● **DATA**

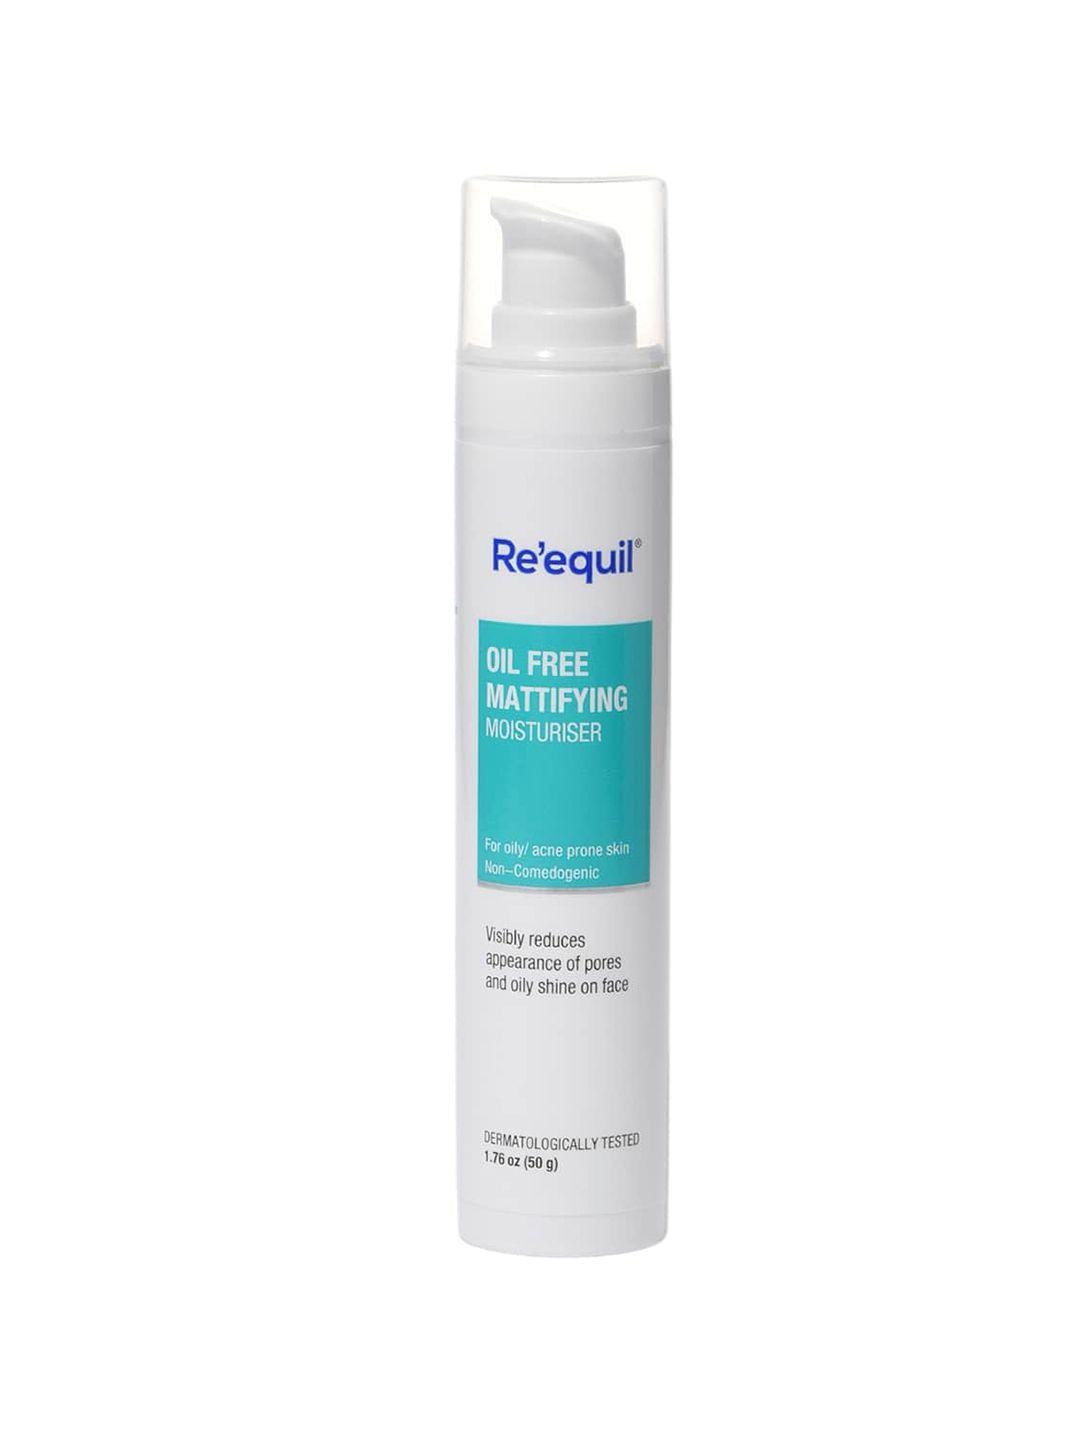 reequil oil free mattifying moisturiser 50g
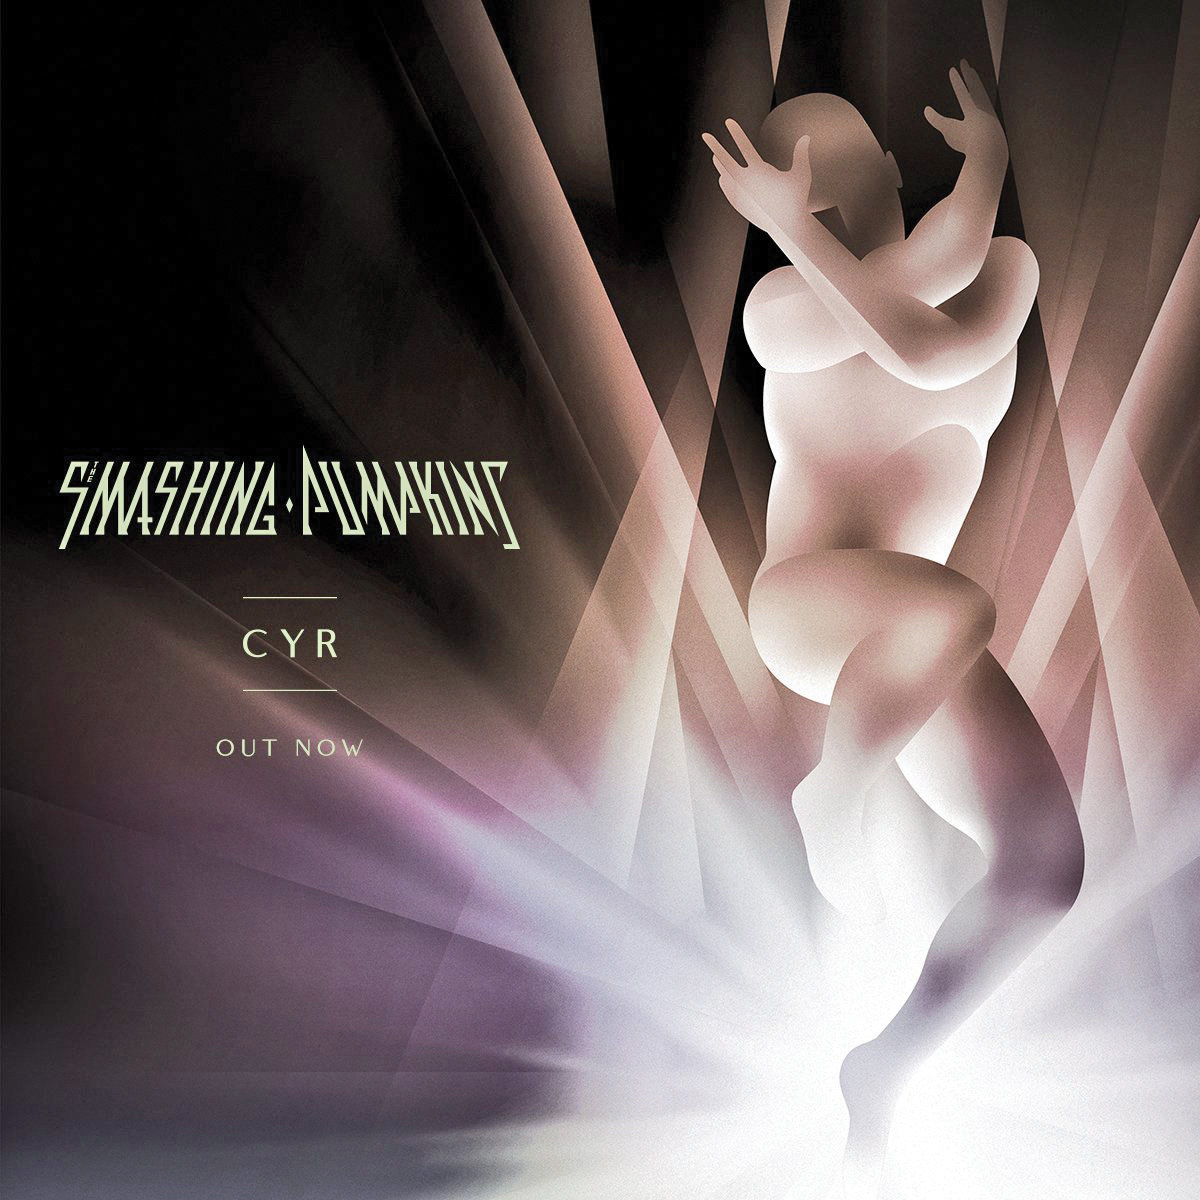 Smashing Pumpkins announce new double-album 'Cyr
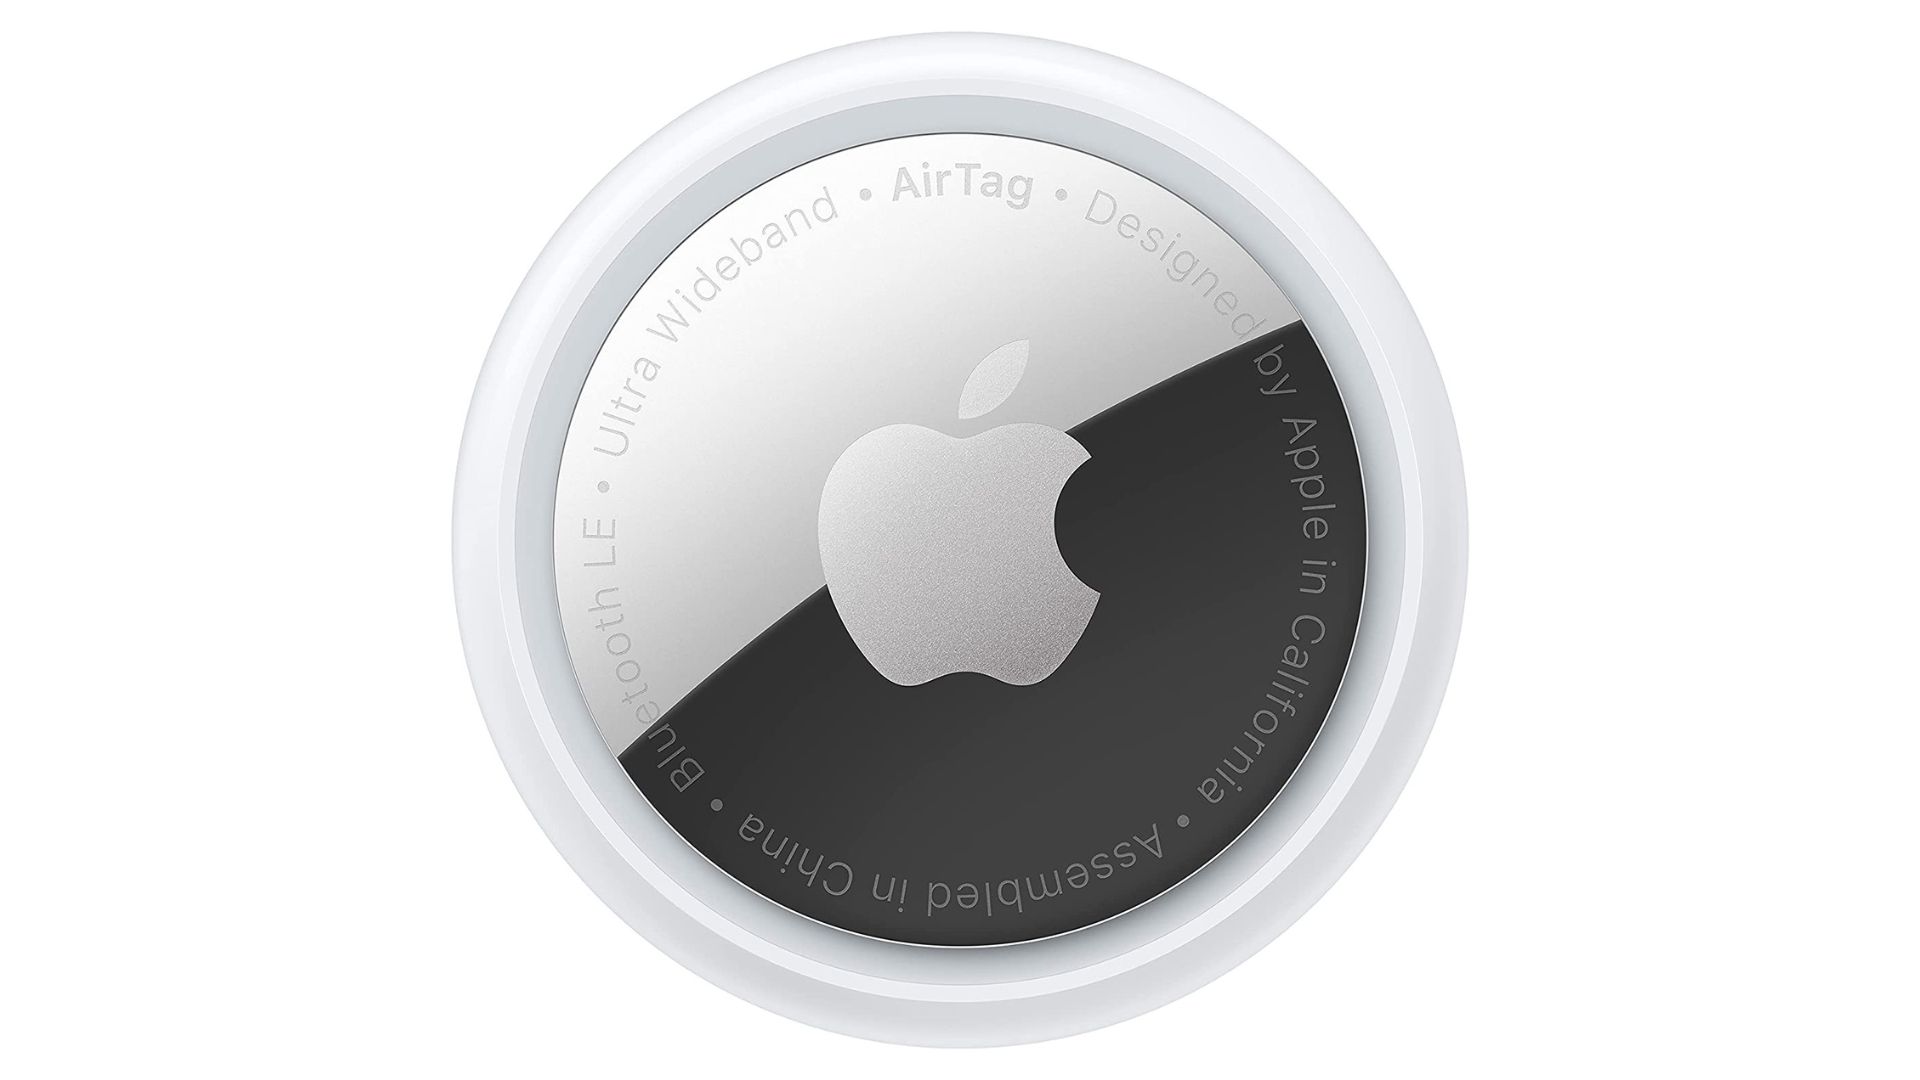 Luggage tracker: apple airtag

● **YOUR OBJECTIVE**
Leaving every picture out, repeat each line of the material exactly.

● **WRITTEN RESPONSE**
 reequil oil free mattifying moisturiser 50g
 Smashing Pumpkins announce new double-album 'Cyr
 Luggage tracker: apple airtag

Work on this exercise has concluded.